出来(でか)したぞミューズ!ウェルム少将は、コロニーには人質が閉じ込められてますが、同時に爆弾が仕掛けられ、敵が爆発させる信号を送り続けてます。至急非難を・・・・・」


「この人数を流石に無理だ!爆発物処理班を回す」


 強襲揚陸艇がコロニーに向かう。


 最初に送られていた信号は❝受信してる間は爆発しない信号❞そして次に送られたのが❝受信したら爆発する信号❞だろう。

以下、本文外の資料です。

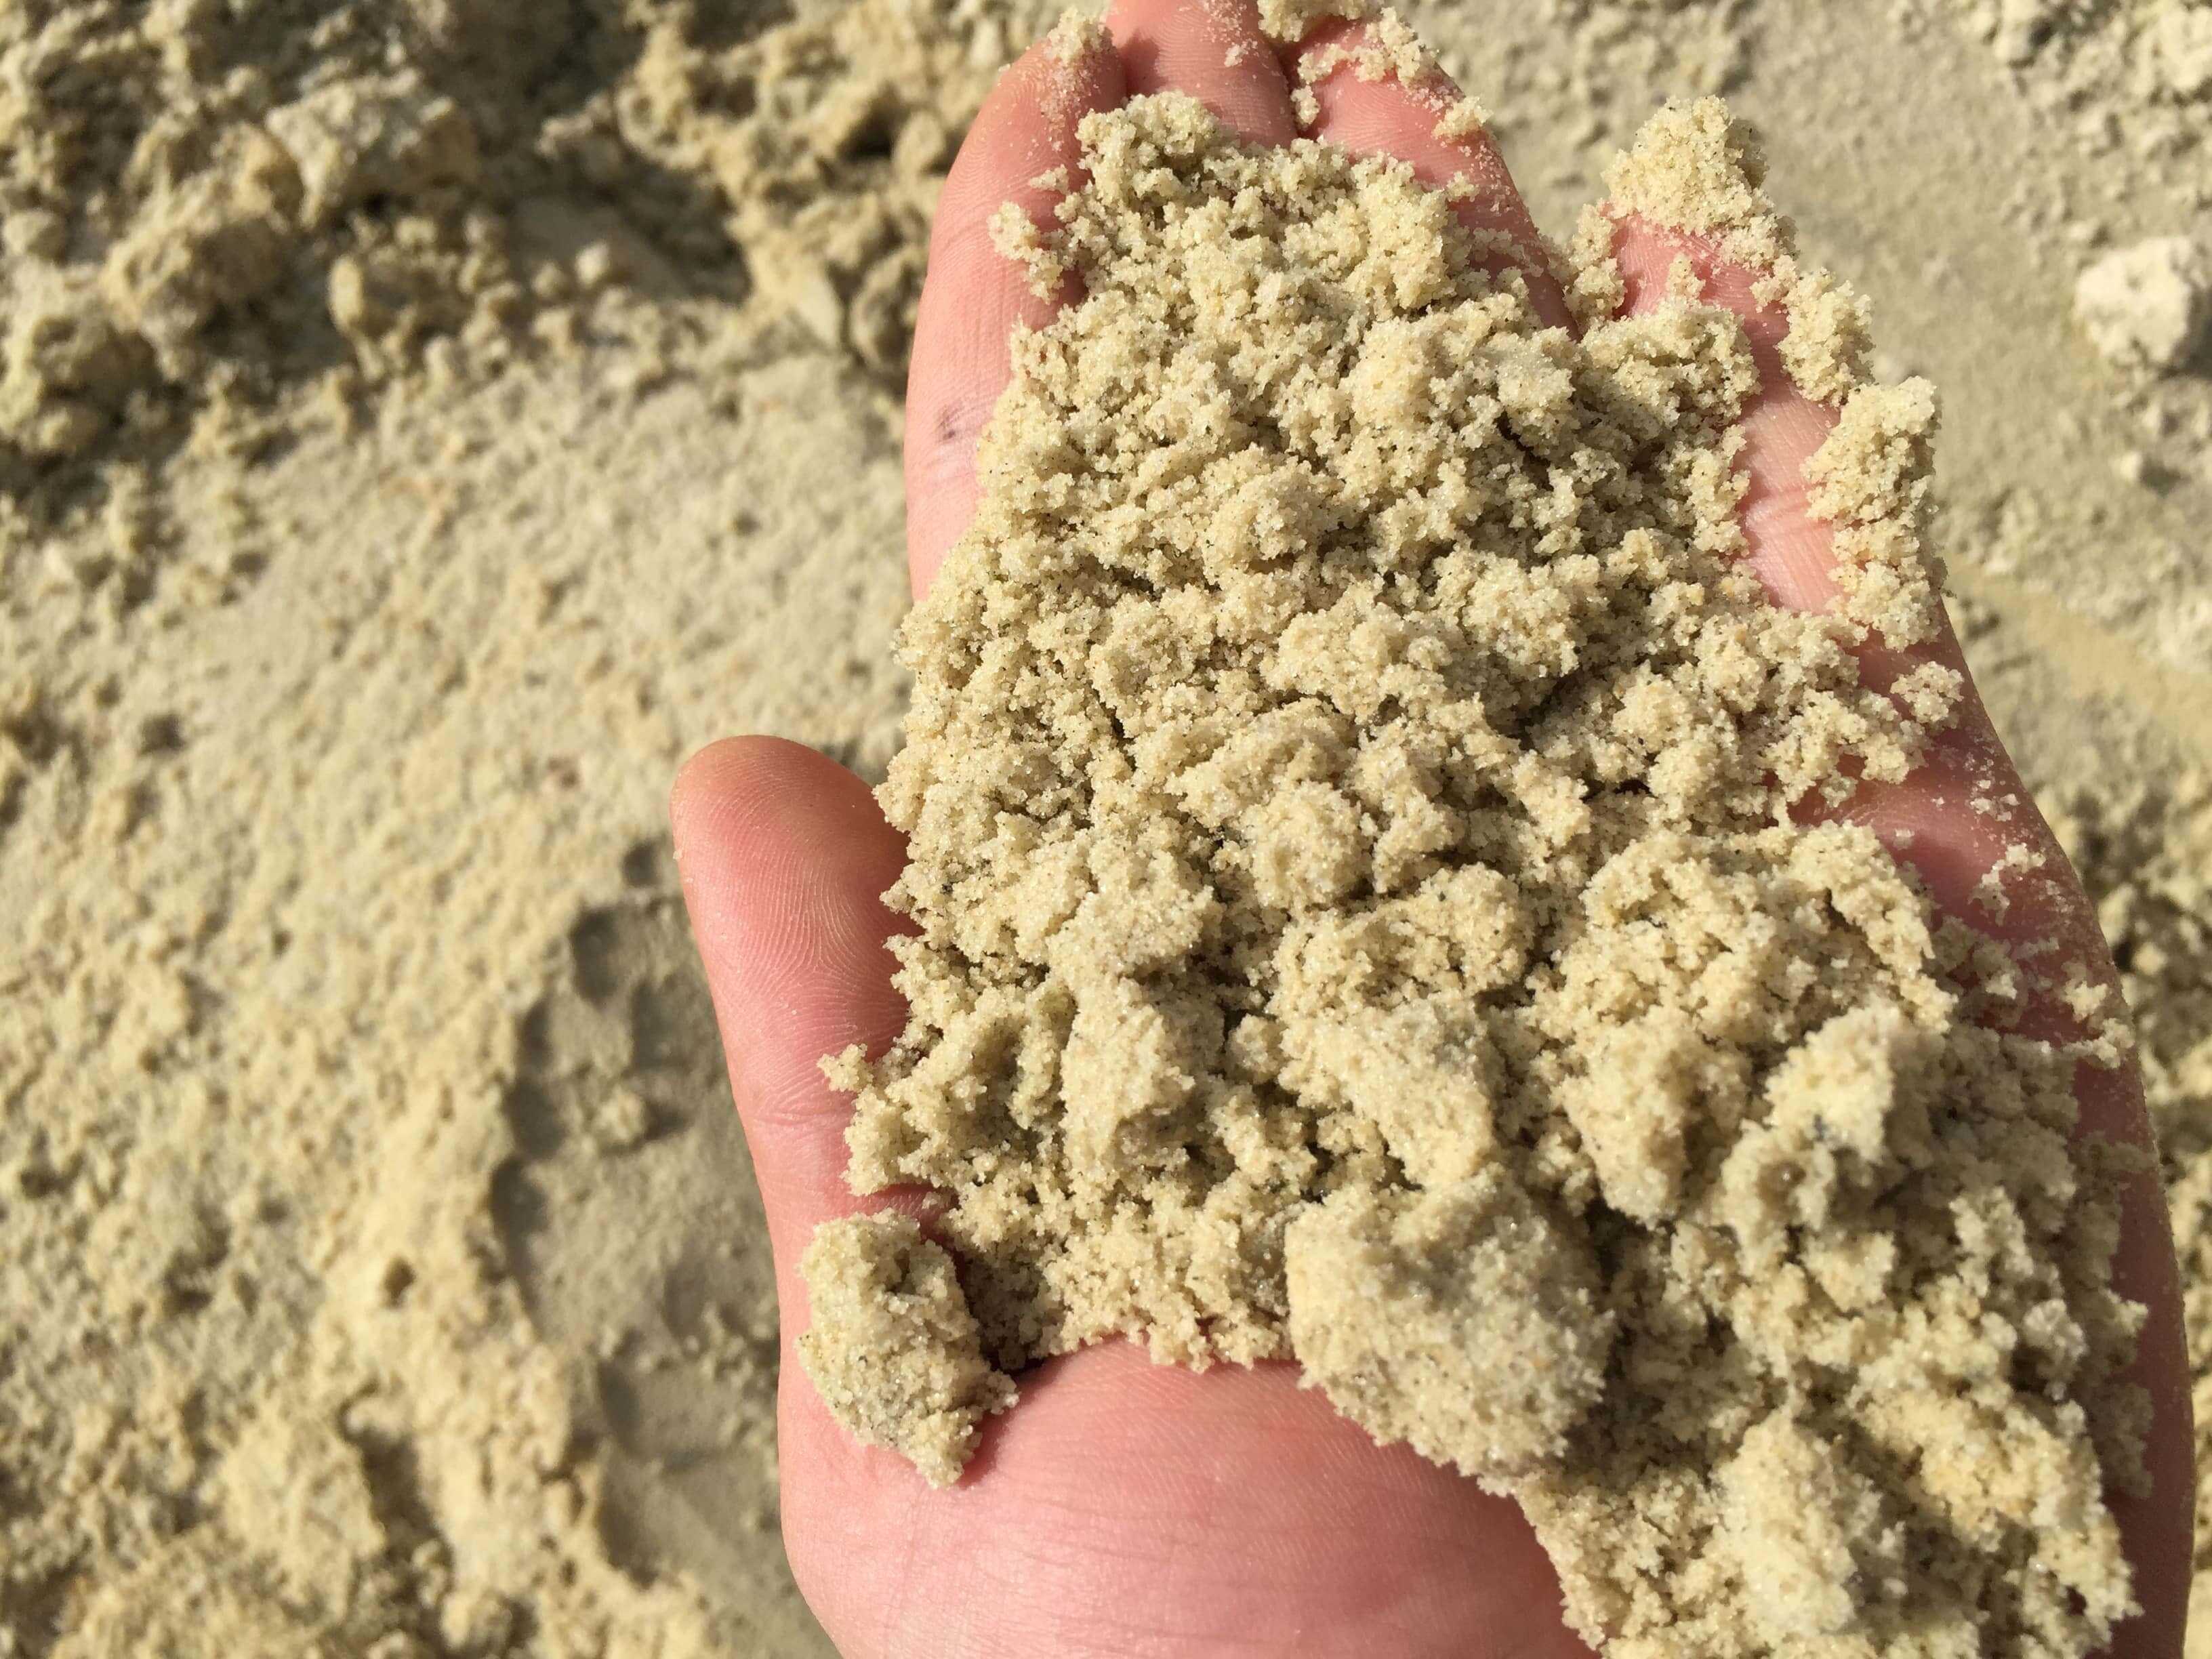 Марки и виды строительного песка, их особенности

 危ない所だった、ダラスと言う男は本当にロクでも無い人間だ。


「揚陸艦がコロニーに張り付きました。銃撃戦が展開されてますが、程なく突入すると・・・サル・ドニスがコチラに向かって来ます」


 人質奪還されちゃ堪らないもんね!


「コ・・・コロニーが」


「揚陸艇が返り討ちにでも?」


 ミューズの返答が無い。


「如何したんだっ!」


 少し焦ったが、


「見られた方が早いです・・・・・」


 モニターの一部が切り取られ、コロニー各所の監視カメラの映像をハッキングして盗み出す。

 気品のある御婆ちゃんが指揮を執り、オバちゃん・お姉さんが銃を手に取り戦っている。

 その団体が港湾付近で兵士を押し出し、反対側から揚陸艇の攻撃と一緒に挟み撃ちにしている。


「人質に2割ほど成人女性が入ってましたよね・・・子供が居ない貴族や軍人さん達の・・・・・」


 如何やら子供が居なくて代りに人質にされた、貴族の奥さんやお母さんが反乱軍に牙を剥いたらしい。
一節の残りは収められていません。